Engineers Registration Board
- Formation: 1 December 1969; 56 years ago
- Type: Statutory Authority
- Location: Kampala, Uganda;
- Membership: 842 (2018)
- Key people: Michael Odongo Chairman Henry Francis Okinyal Vice Chairman
- Website: http://www.erb.go.ug

= Engineers Registration Board =

Engineering organization of Uganda

The Engineers Registration Board (ERB), is a statutory authority established in 1969, under the Engineers Registration Act (ERA) Cap 271, whose mission is to regulate and supervise the profession of engineering in Uganda.

==Location==
As of March 2018, the headquarters and offices of the ERB are temporarily housed at the offices of the Uganda Ministry of Works and Transport at Kyambogo, while efforts to secure a permanent location are ongoing, with the help of the Uganda Investment Authority. The geographical coordinate of the ERB headquarters are: 00°20'24.0"N, 32°37'37.0"E (Latitude:0.339999; Longitude:32.626949).

==Overview==
Under its mandate, the ERB is authorized to (a) register (b) de-register (c) restore registration (d) suspend registration (e) hold inquiries (f) hear appeals and (f) appear as respondents against a case brought against it in the High Court. It is also mandated to advise the government regarding the engineering sector.

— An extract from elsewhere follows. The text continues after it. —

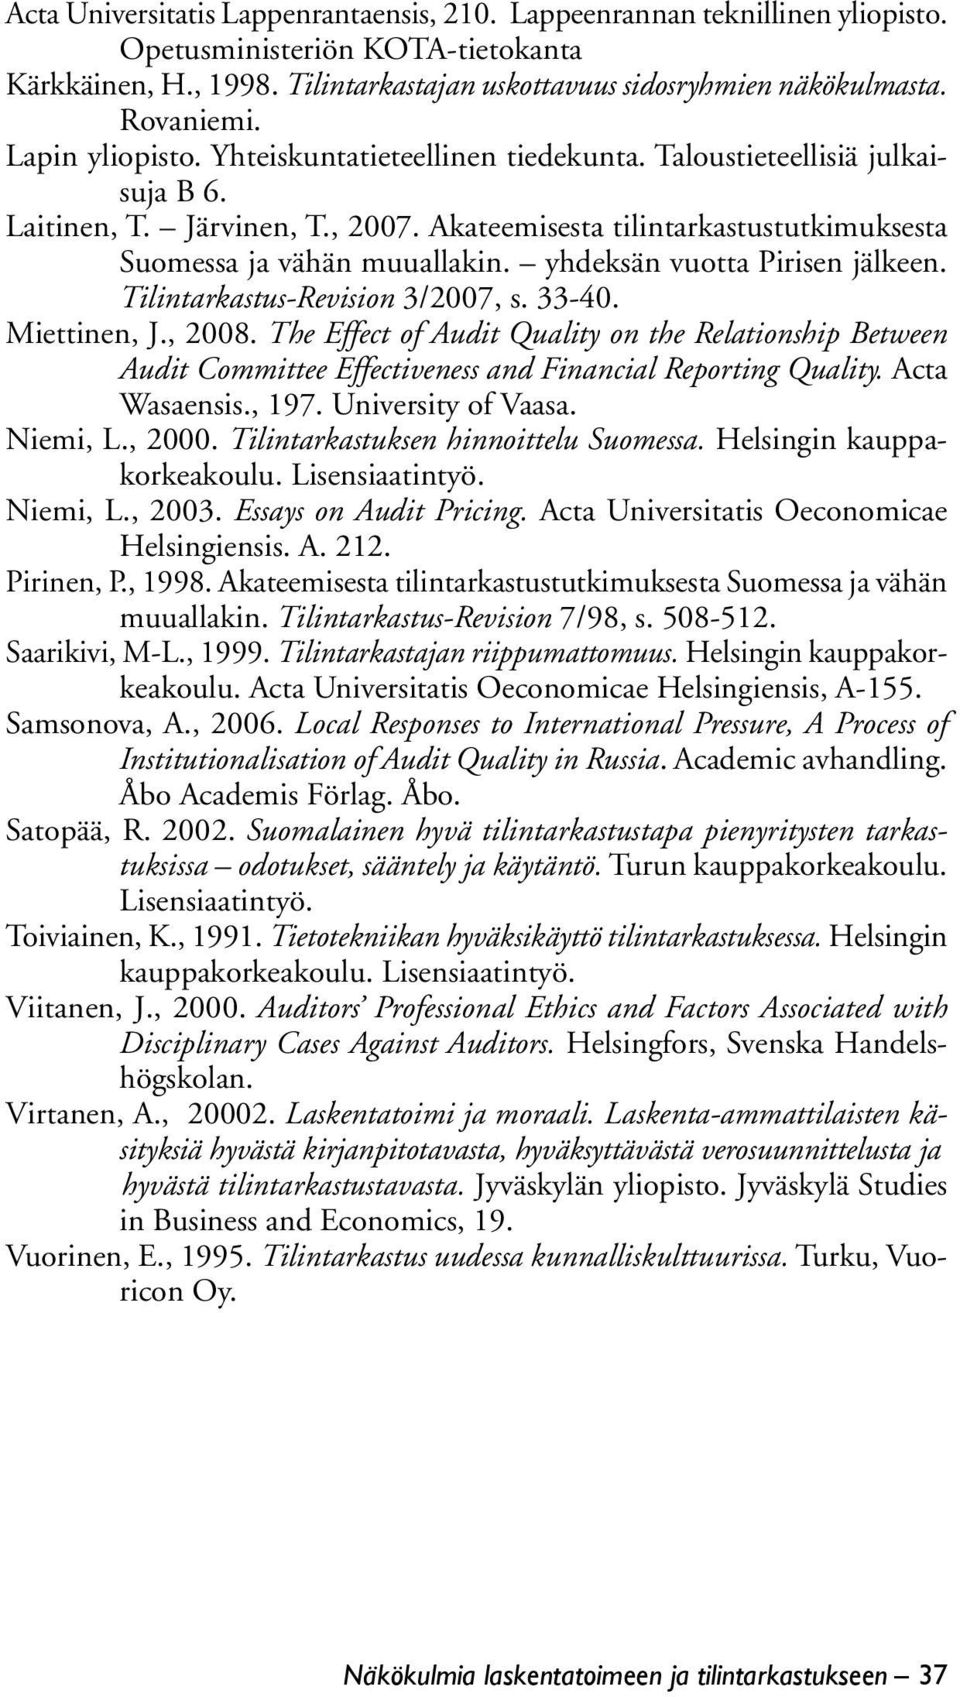 Akateemisesta tilintarkastustutkimuksesta Suomessa ja vähän muuallakin. yhdeksän vuotta Pirisen jälkeen. Tilintarkastus-Revision 3/2007, s. 33-40. Miettinen, J., 2008.
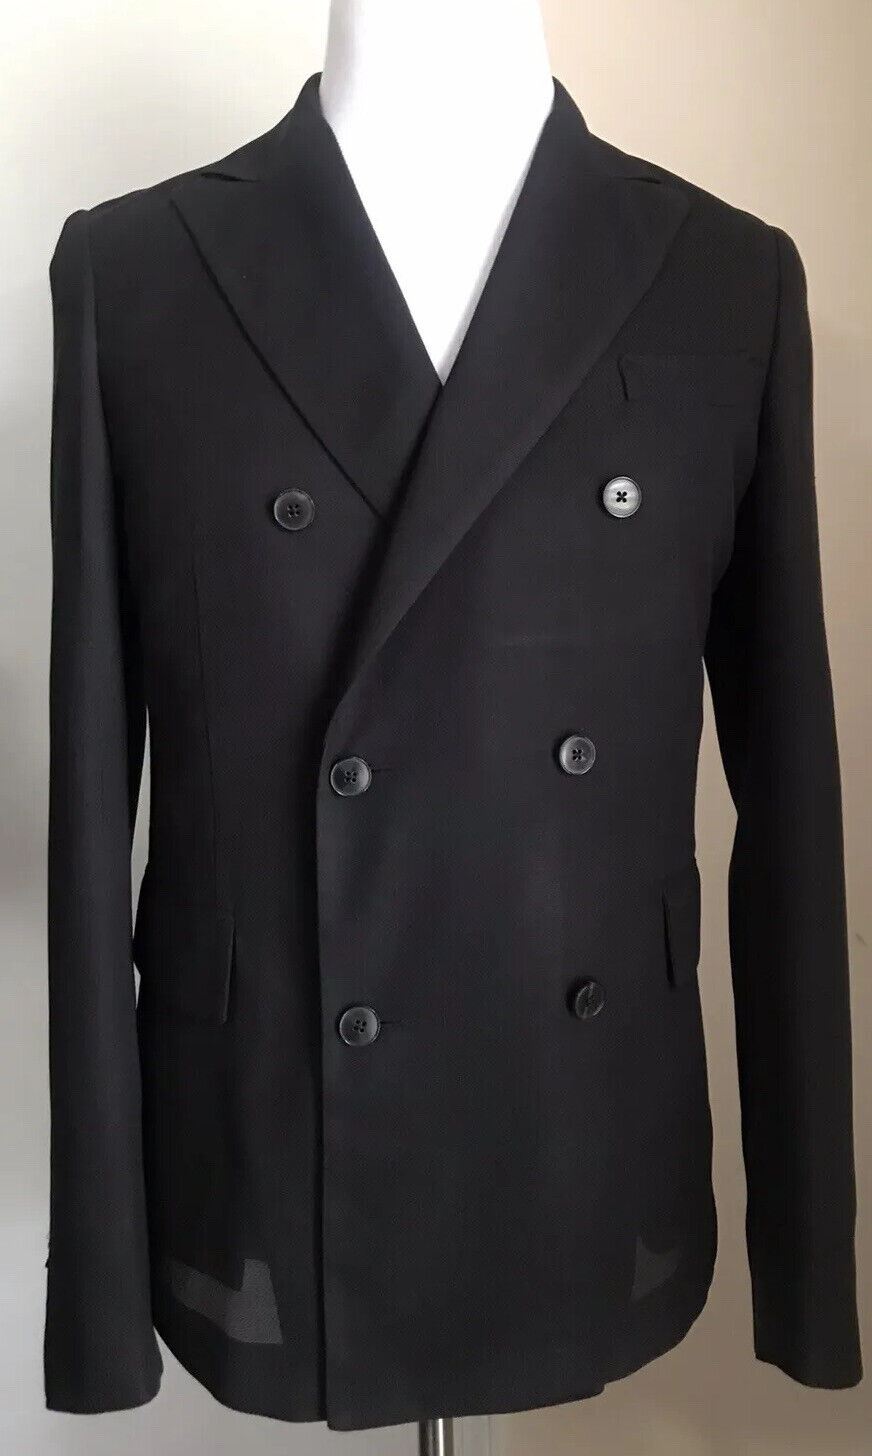 NWT $2295 Valentino Мужское шелковое спортивное пальто Блейзер Куртка черная 34R US/44R EU Италия

The board is appointed by the Ugandan Minister of Works and Transport in consultation with the Uganda Institute of Professional Engineers (UIPE), the professional body of engineers in the country, who are guaranteed for positions on the board.

The 17th Board was named on 15 March 2018, by the Ugandan Minister of Works and Transport, Engineer Monica Azuba Ntege. The ERB members named are:
1. Michael Odongo: Chairman
2. Henry Francis Okinyal: Vice Chairman
3. Andrew Kitaka: Member
4. Elias Bahanda
5. Michael Pande
6. Florence Lubwama Kiyimba
7. Peter Balimunsi
8. Ronald Namugera: Board Registrar

Registered engineers in Uganda, enjoy cross-border reciprocity of recognition of credentials in the countries of the countries of the East African Community (Burundi, Kenya, Rwanda, Tanzania and South Sudan).

As of 25 January 2018, there were 842 registered engineers, of whom 774 were Uganda nationals with full operational licences and 68 were foreigners with temporary registration. 720 of the registered engineers are concentrated in Kampala, with only 105 scattered across the remaining 120 districts.

==Governance==
The current board is haired by Engineer Michael Odongo, who id deputized by Engineer Henry Francis Okinyal.